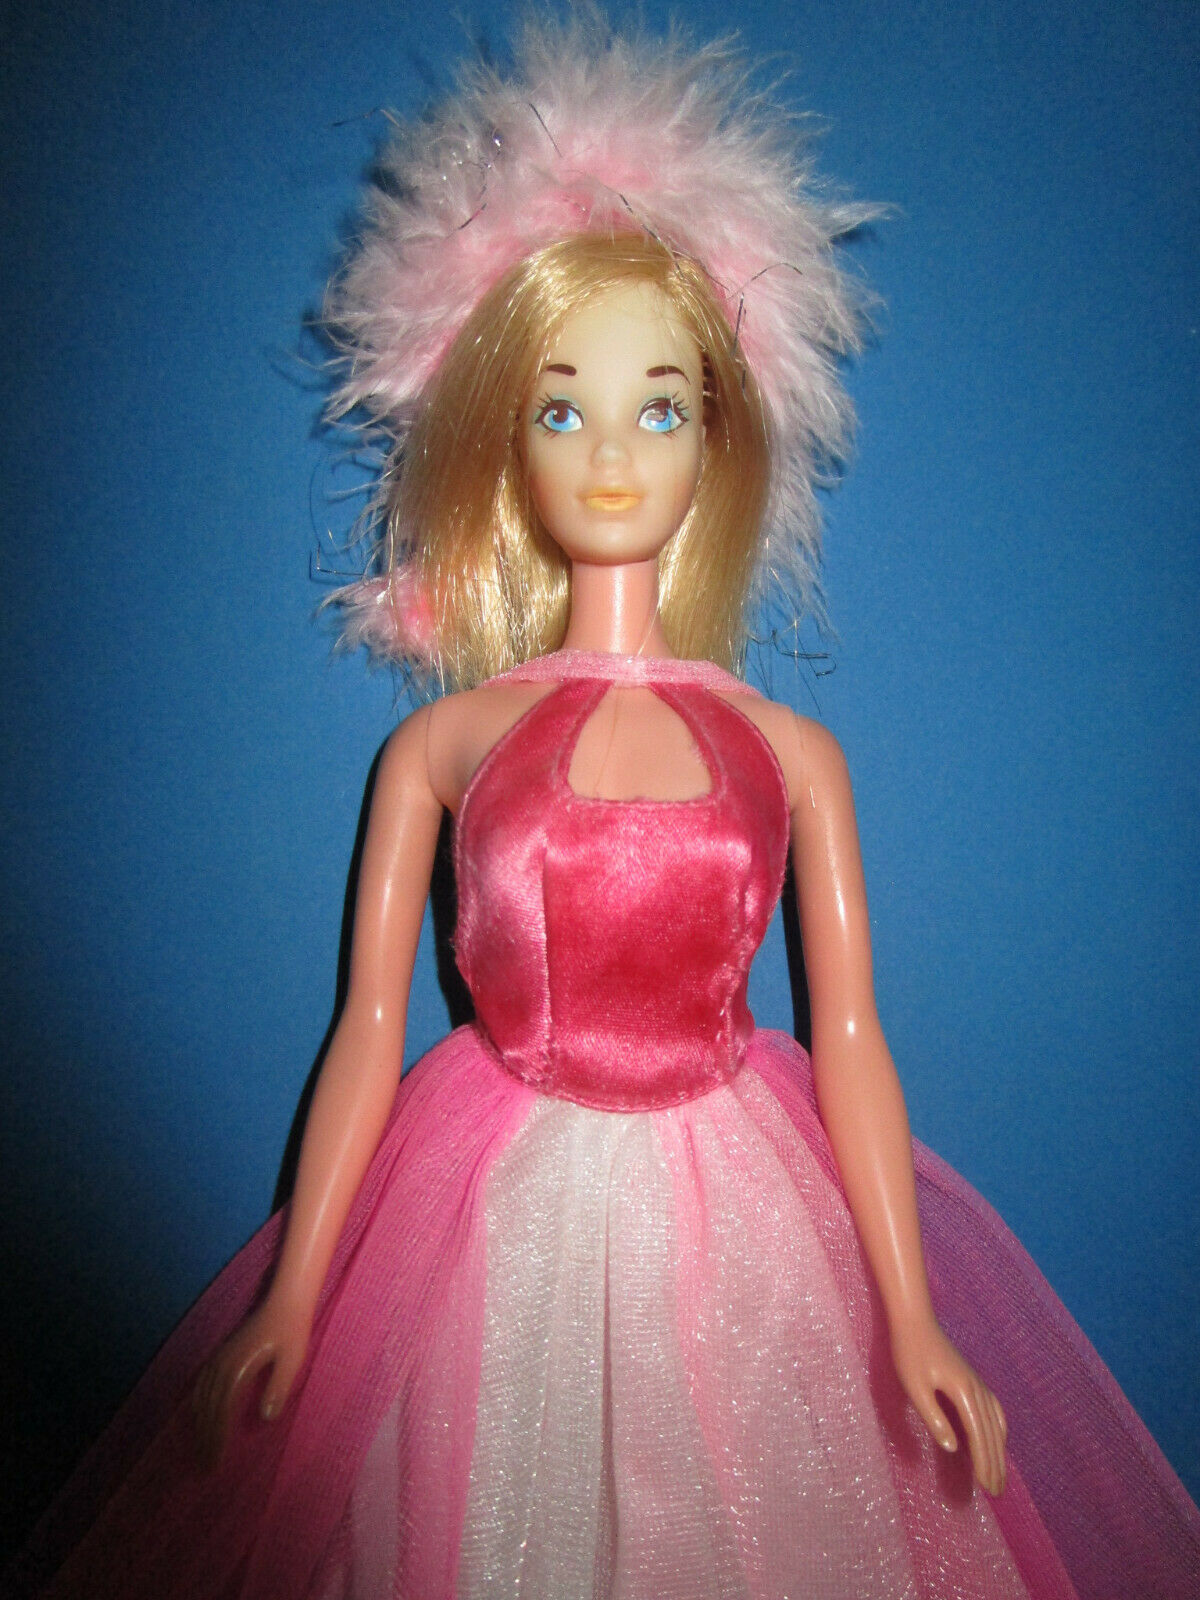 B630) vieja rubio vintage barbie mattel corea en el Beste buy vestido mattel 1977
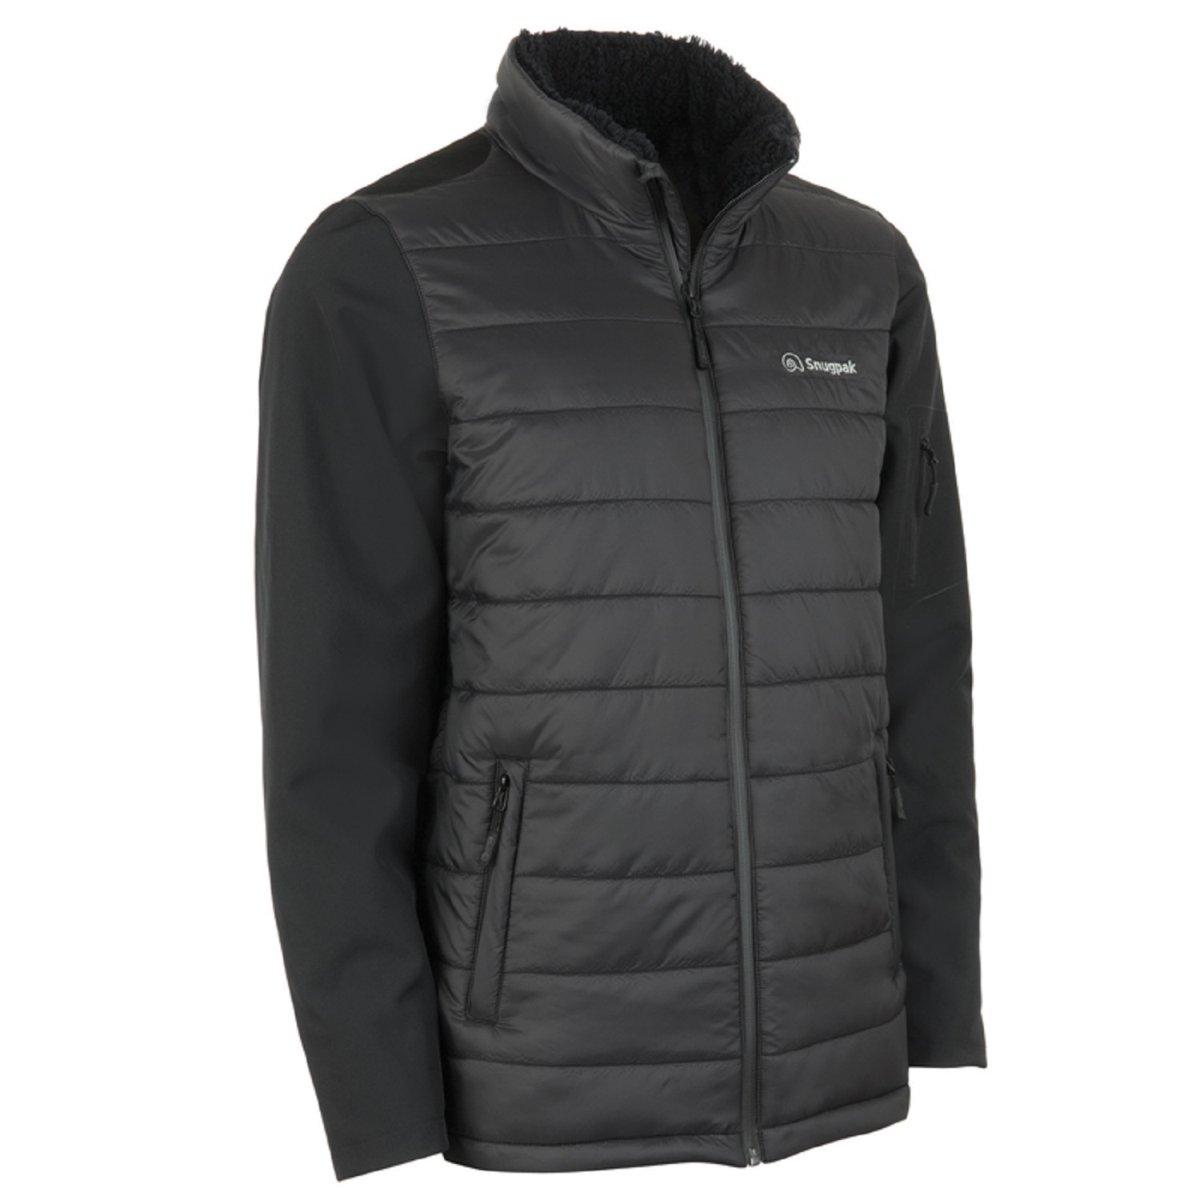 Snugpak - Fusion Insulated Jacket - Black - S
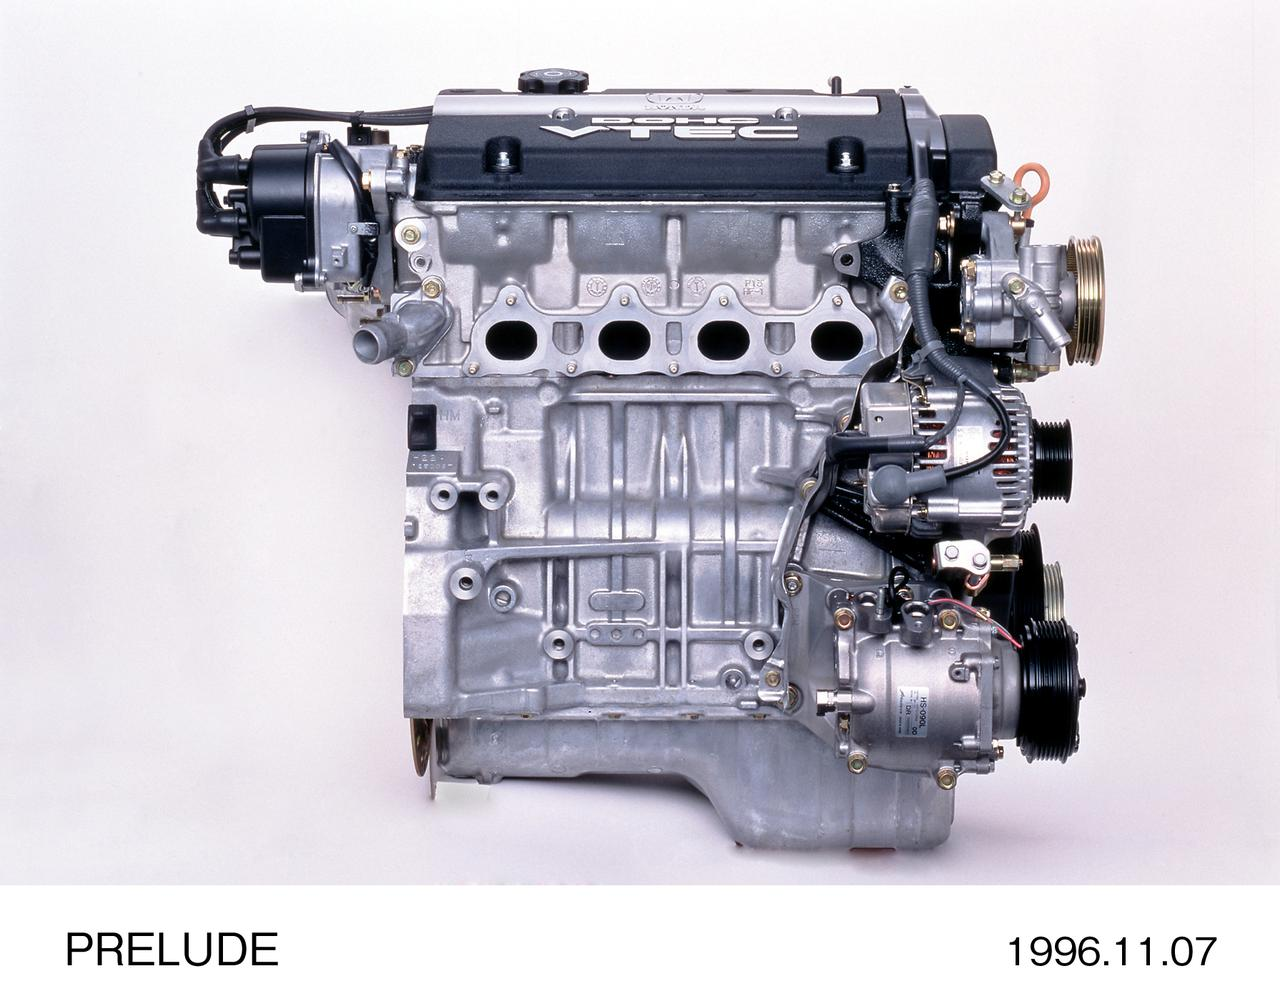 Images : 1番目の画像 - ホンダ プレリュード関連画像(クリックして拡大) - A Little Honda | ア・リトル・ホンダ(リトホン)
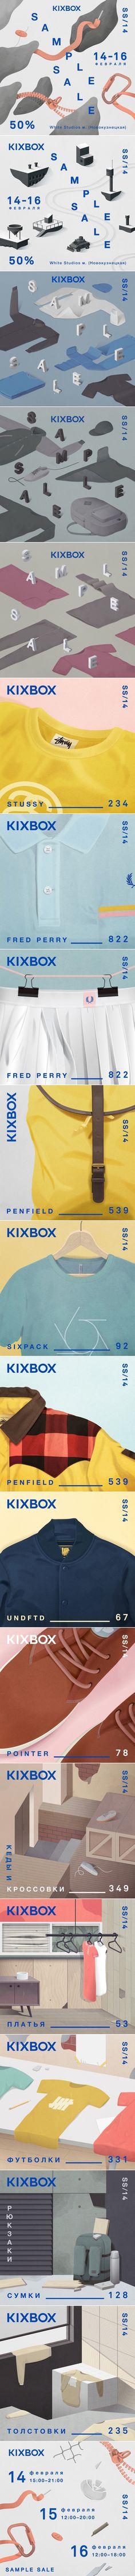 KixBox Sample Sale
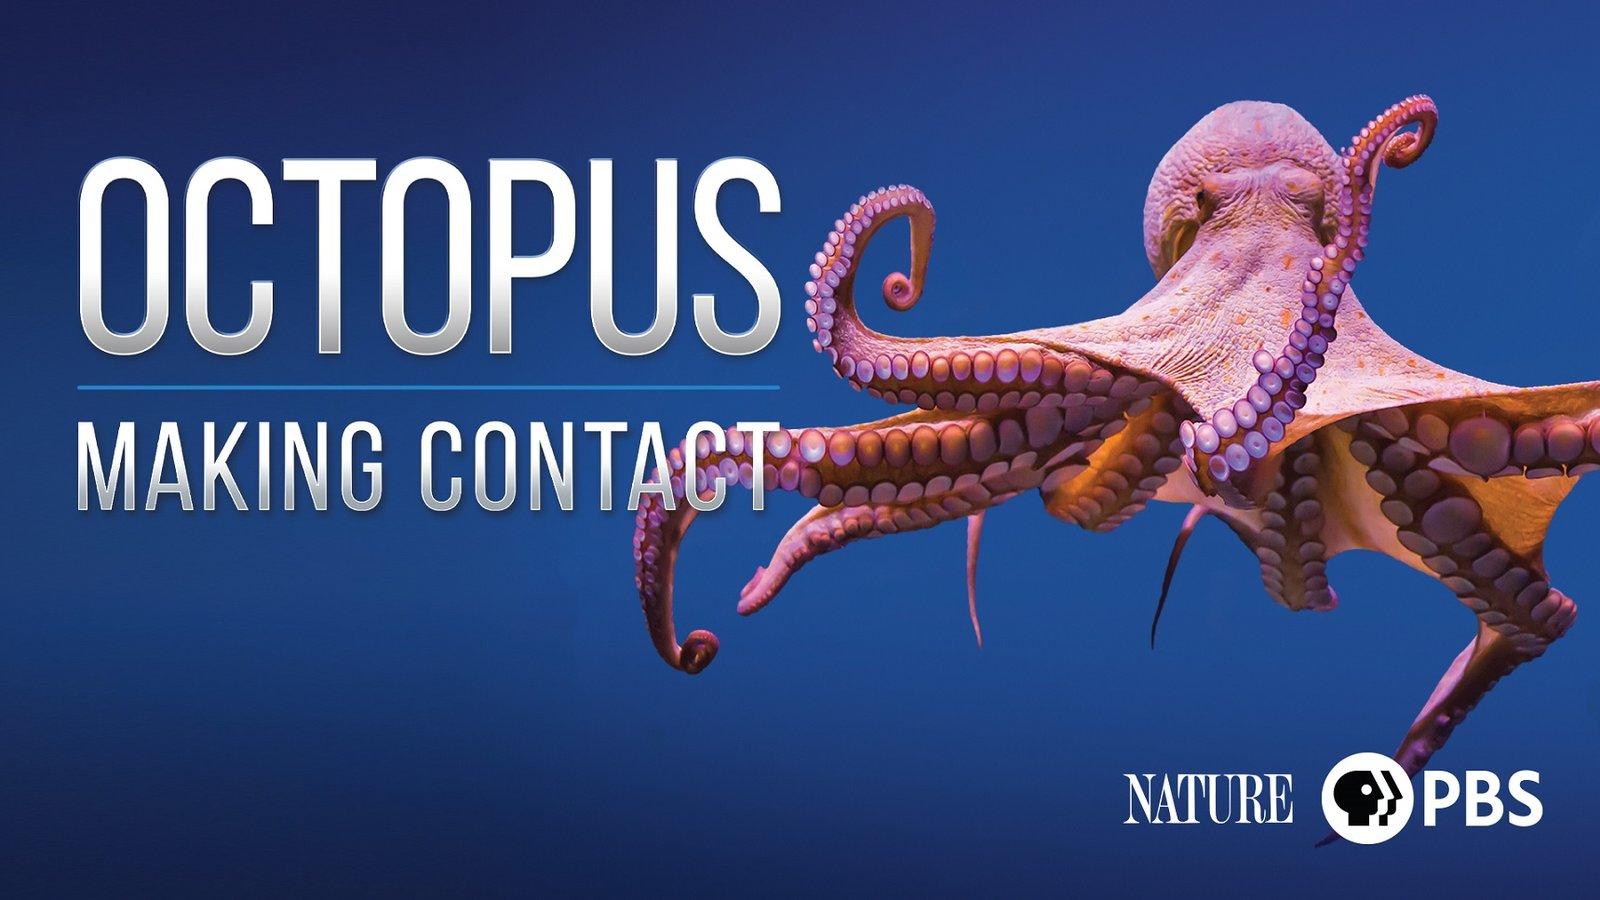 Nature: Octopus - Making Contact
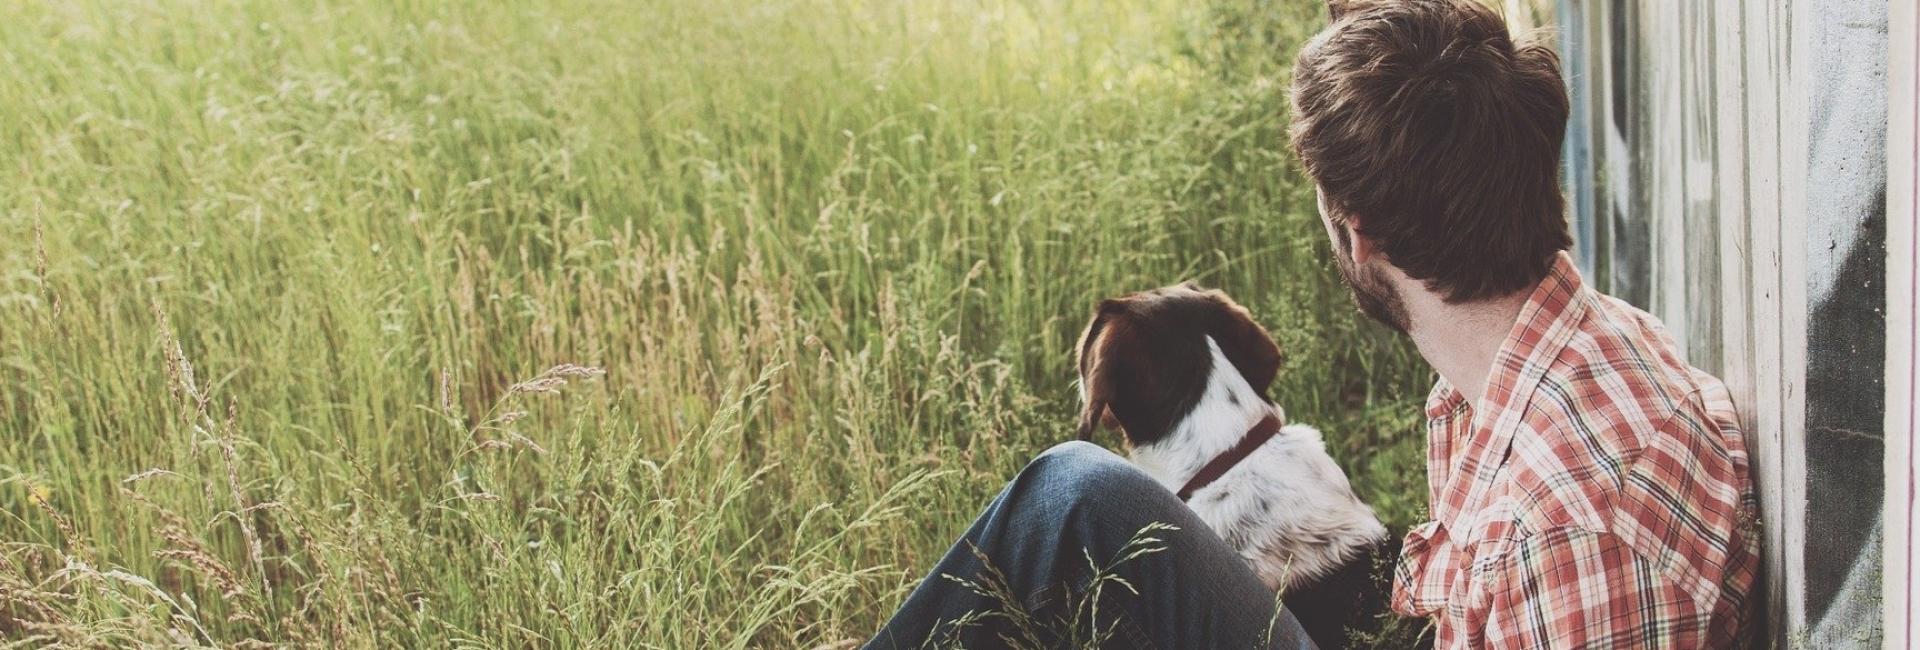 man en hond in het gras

Brief: Set down all of the entries exactly. Leave the pictures out.

Answer box:
 B630) vieja rubio vintage barbie mattel corea en el Beste buy vestido mattel 1977
 Snugpak - Fusion Insulated Jacket - Black - S
 Images : 1番目の画像 - ホンダ プレリュード関連画像(クリックして拡大) - A Little Honda | ア・リトル・ホンダ(リトホン)
 KixBox Sample Sale
 Nature: Octopus - Making Contact
 man en hond in het gras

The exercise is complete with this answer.